• [About this task]
Your response should be an exact transcription of the data, images excluded.

• [Information provided]

-.-.-

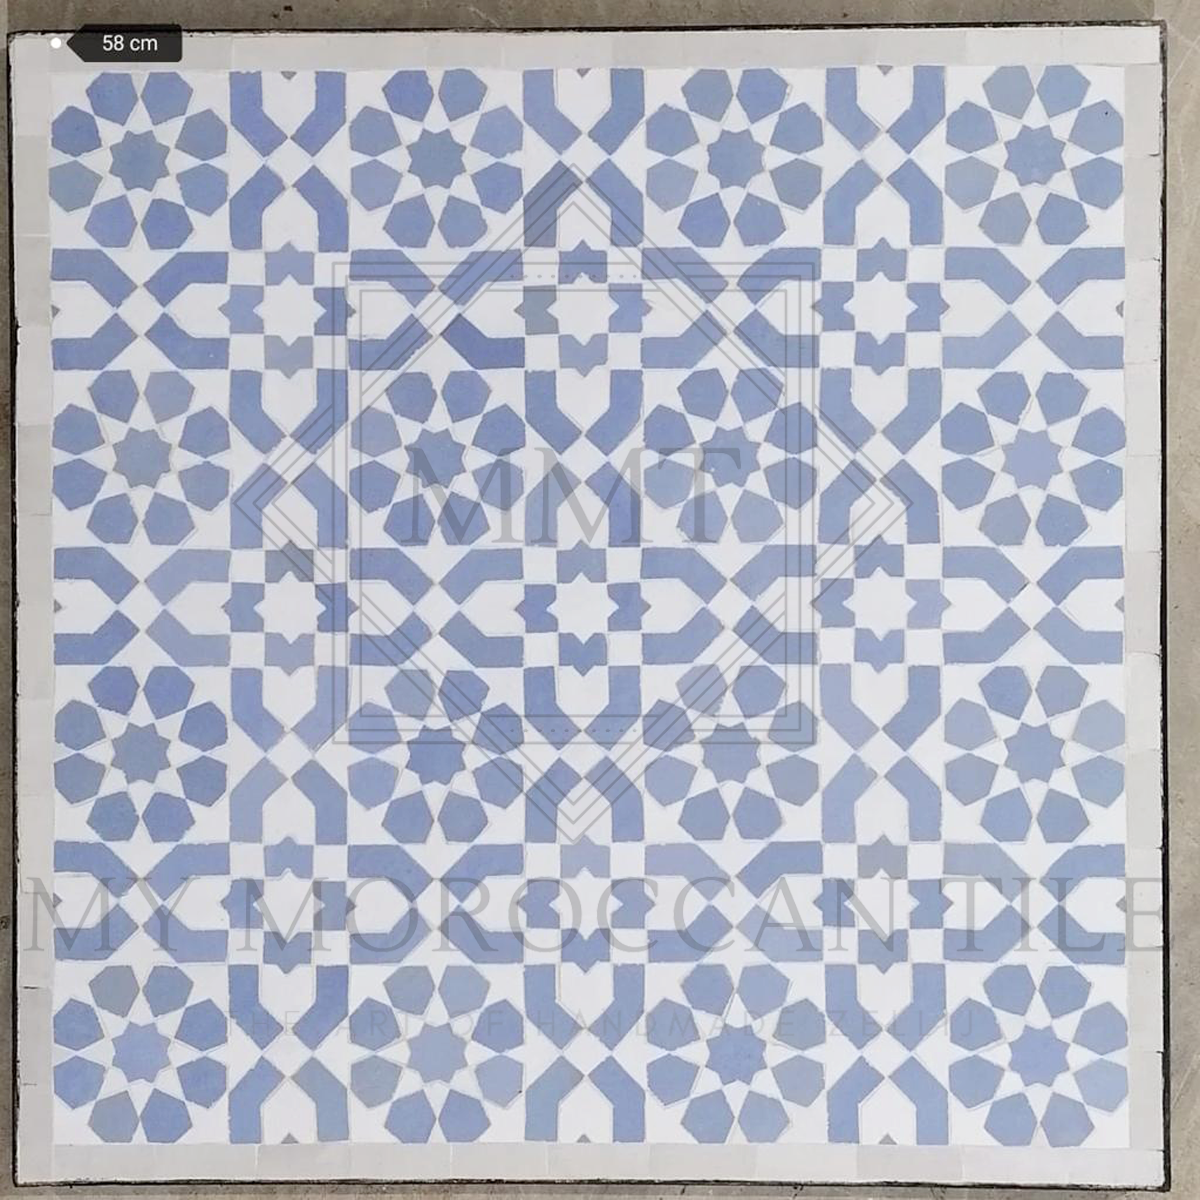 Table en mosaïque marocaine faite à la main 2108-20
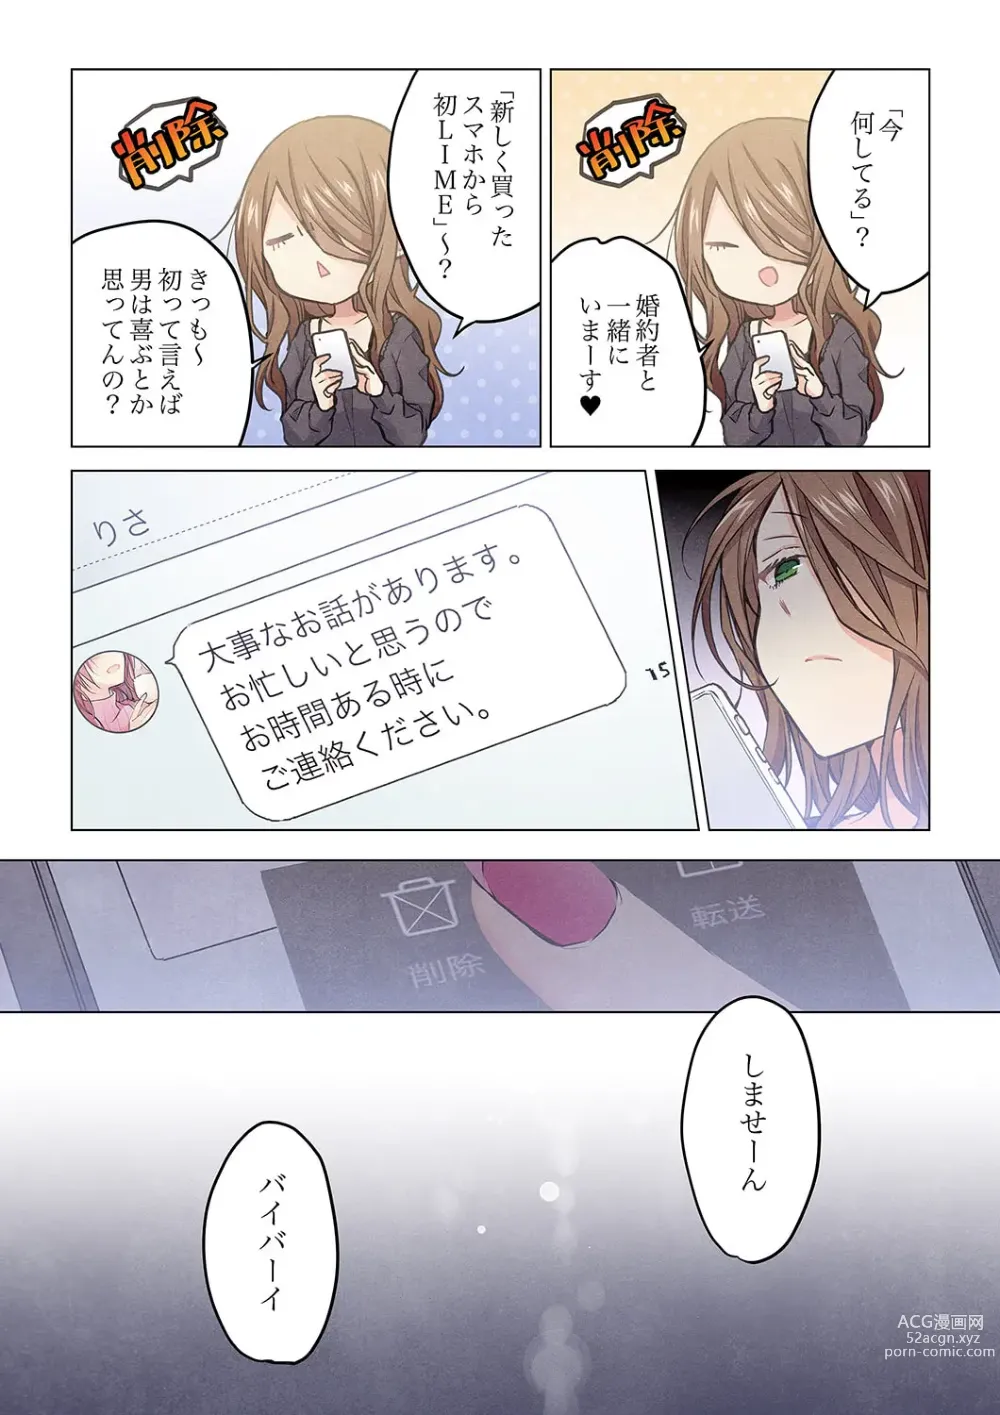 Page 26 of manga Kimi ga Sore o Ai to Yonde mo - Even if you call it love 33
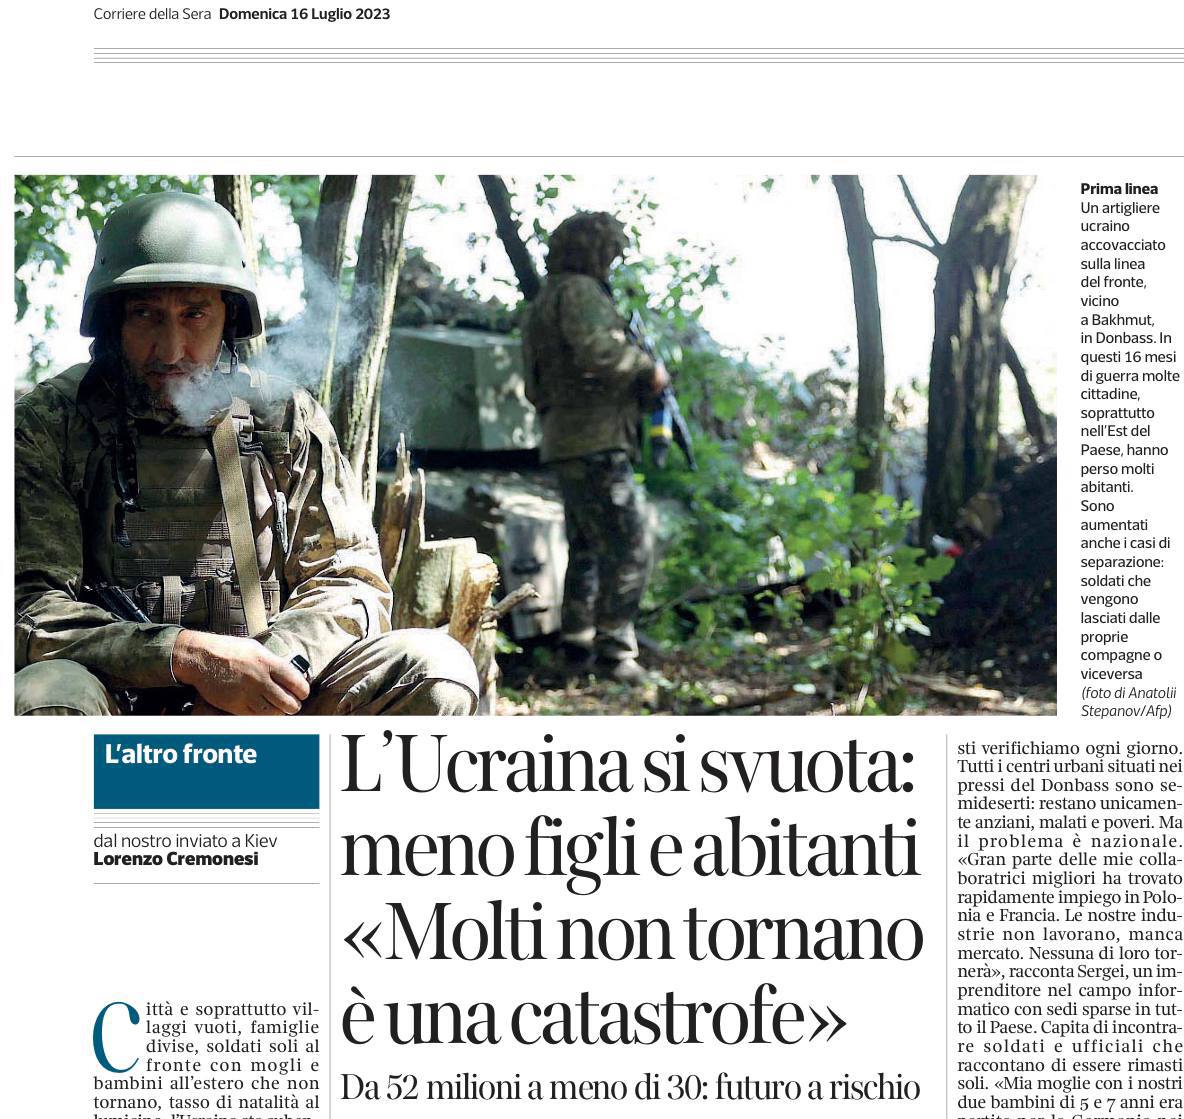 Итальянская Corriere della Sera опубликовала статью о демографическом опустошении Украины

-.-.-

• [Response]
 Table en mosaïque marocaine faite à la main 2108-20
 Page 26 of manga Kimi ga Sore o Ai to Yonde mo - Even if you call it love 33
 Итальянская Corriere della Sera опубликовала статью о демографическом опустошении Украины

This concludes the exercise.